Have a great Sunday everyone,

David

Do We Have Joy

Hello all and thank you all so much for your love and support as I continue on this journey of mine that takes me places I never thought I would see.

Colossians 3:16- “Let the message about Christ, in all its richness, fill your lives. Teach and counsel each other with all the wisdom He gives. Sings psalms and hymns and spiritual songs to God with thankful hearts.

You know there are times in this mission God has given me that I really just want to throw my hands up and say “enough God, they don’t care, they won’t listen, their hearts are hardened, what is the point?” I see the secular world more evil than I thought was even possible and see a majority of God’s elect fighting amongst each other about the dumbest of things; all the while the Light of Christ has faded so dim in them, all you can see is their arguments. While defending our faith is important, it should not come at the cost of dimming the Light inside.

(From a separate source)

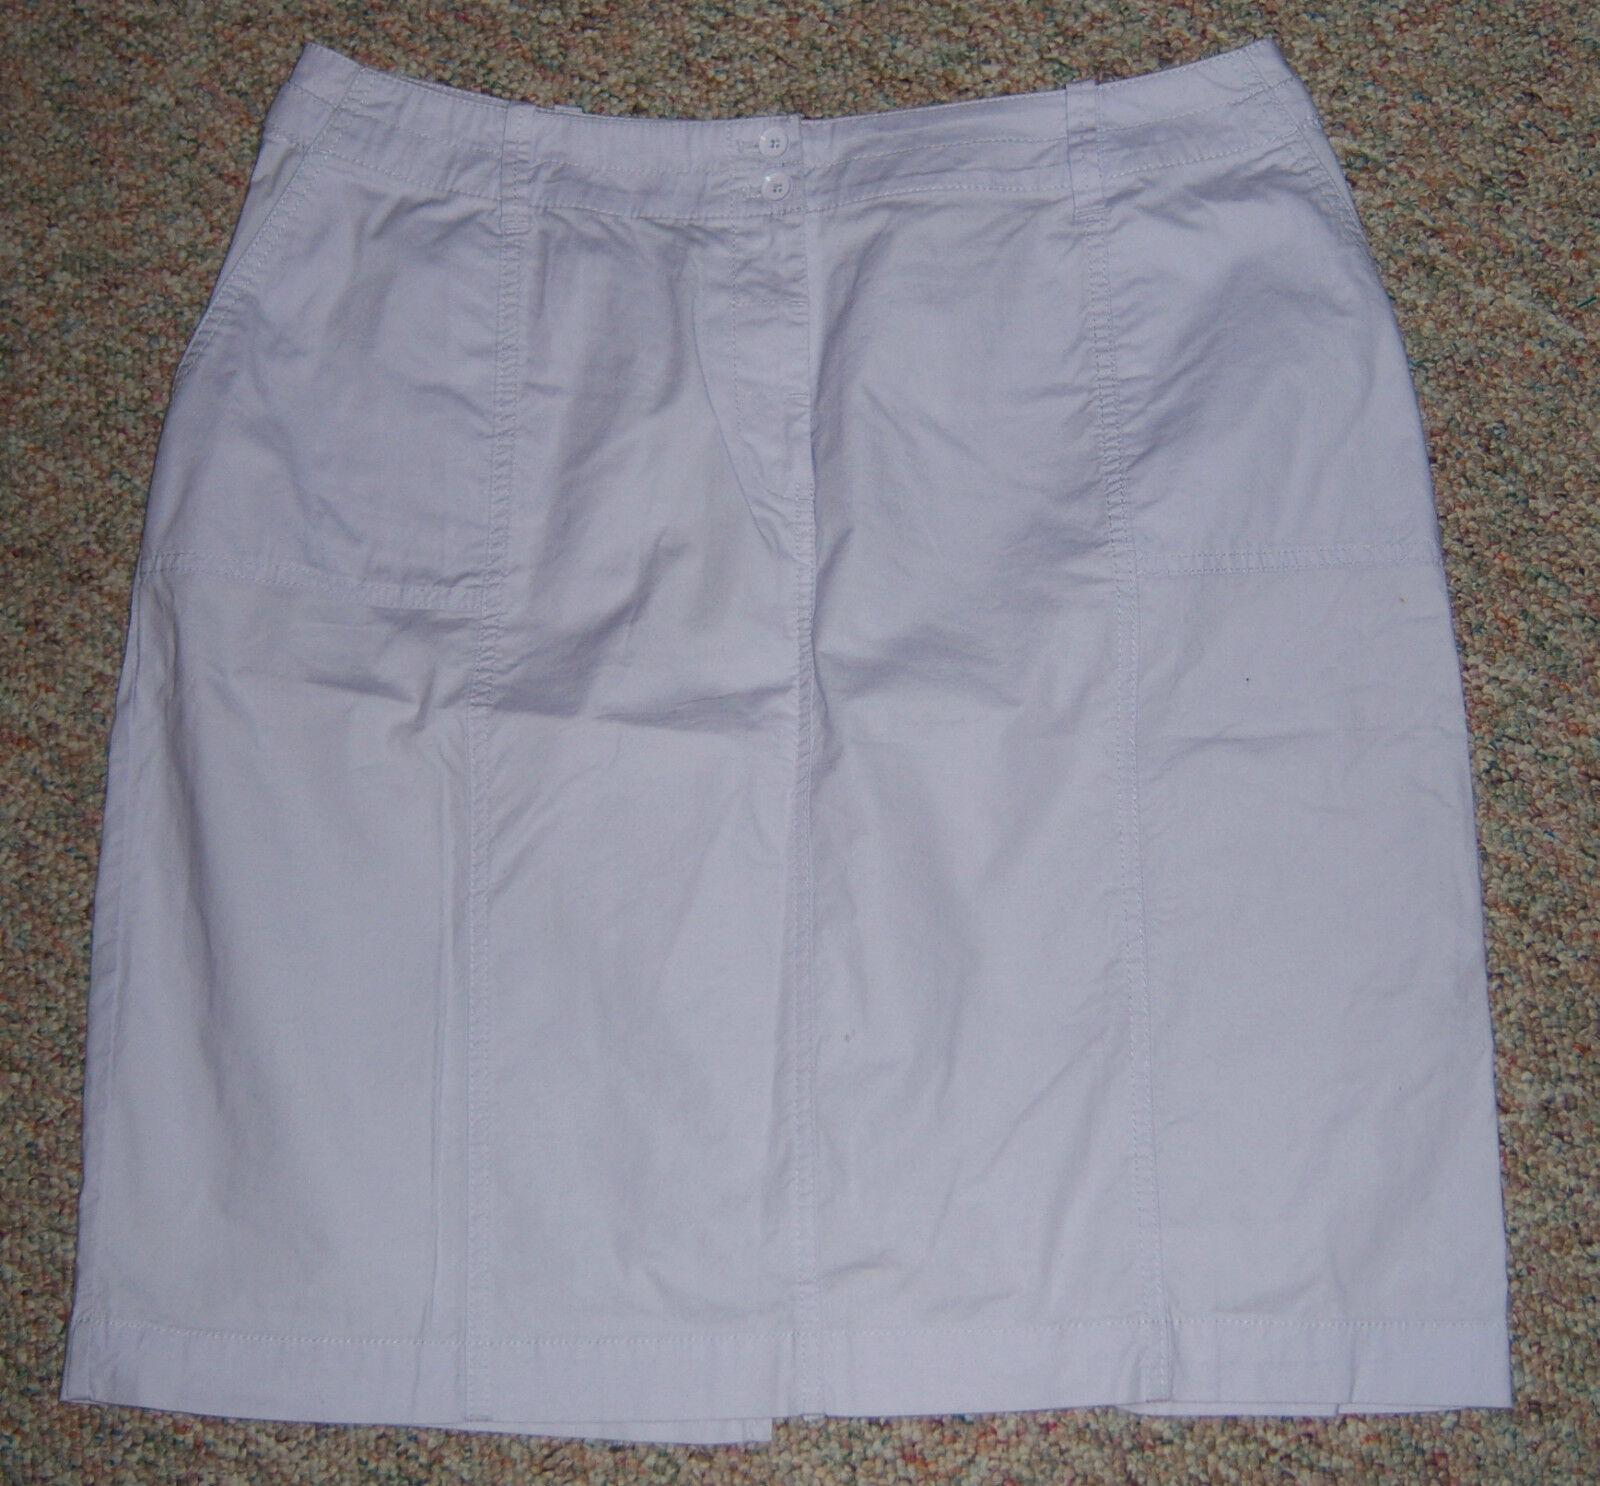 TALBOTS purplec color Below Knee Lightweight Casual Skirt 14 Woman Petite or 14WP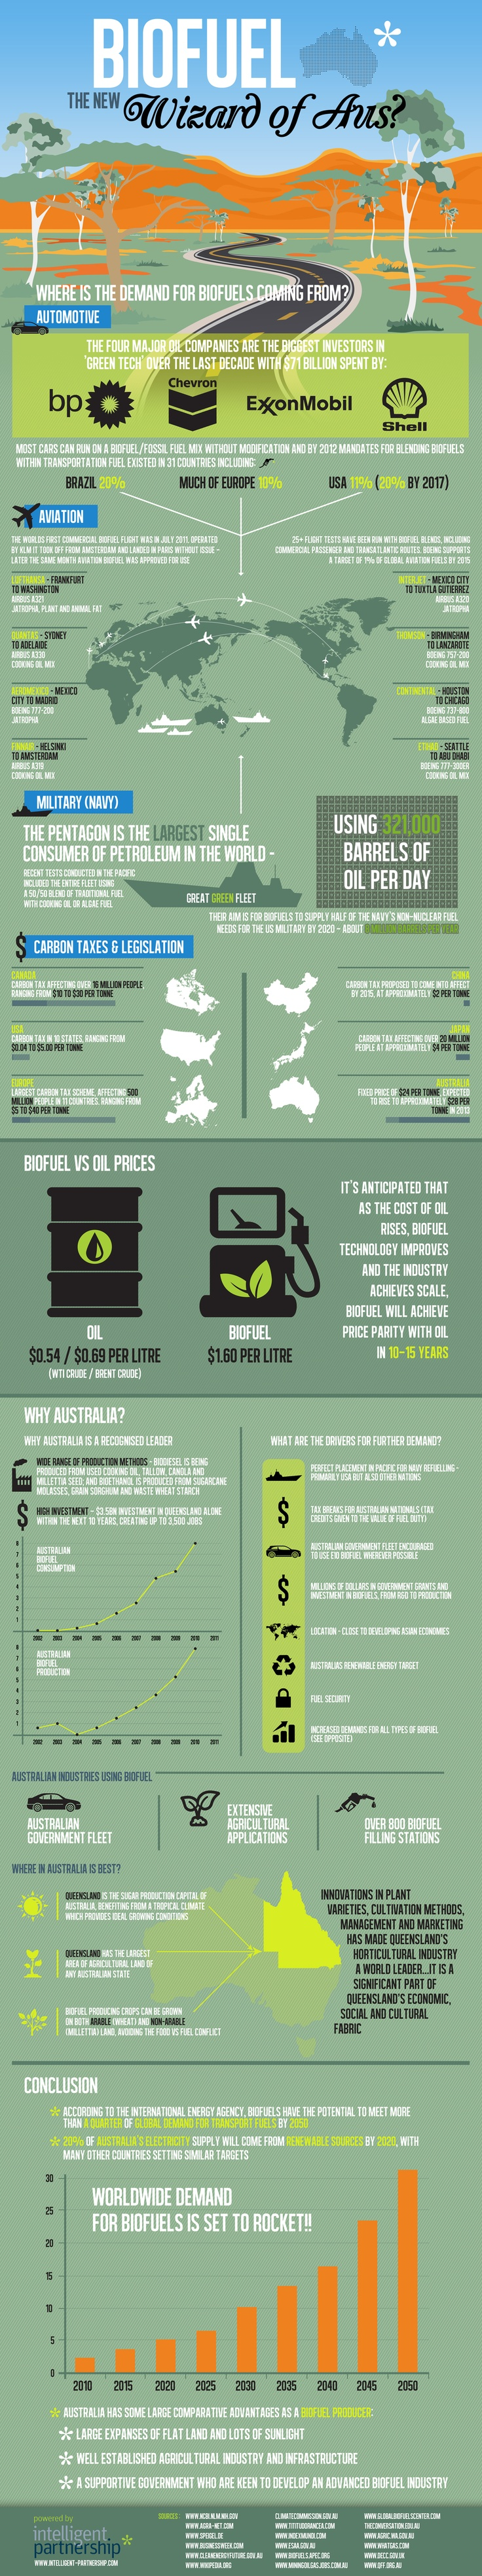 77 best biofuel images on pinterest renewable energy

Lately, primarily due to the abortion issue, fellow Christians are talking about Republicans v Democrats and not ONE WORD about the Gospel and what it takes to have eternal life. Having opinions and voicing them is fine but look at what the passage here says, “teach and counsel each other with all the wisdom HE gives“. Is what you are saying on SM and otherwise fit within those parameters? If not, then we are simply giving into the Enemy and his plans.

Friends, I am not giving up but it sounds like many of you have. You have forgotten your first love and with it the love and compassion that once saved YOU from that evil lifestyle you fight so hard against. Get back into His Word friends, get back into your prayer closet, and yes have a voice about things your passionate about but do it with not YOUR wisdom but HIS. Amen?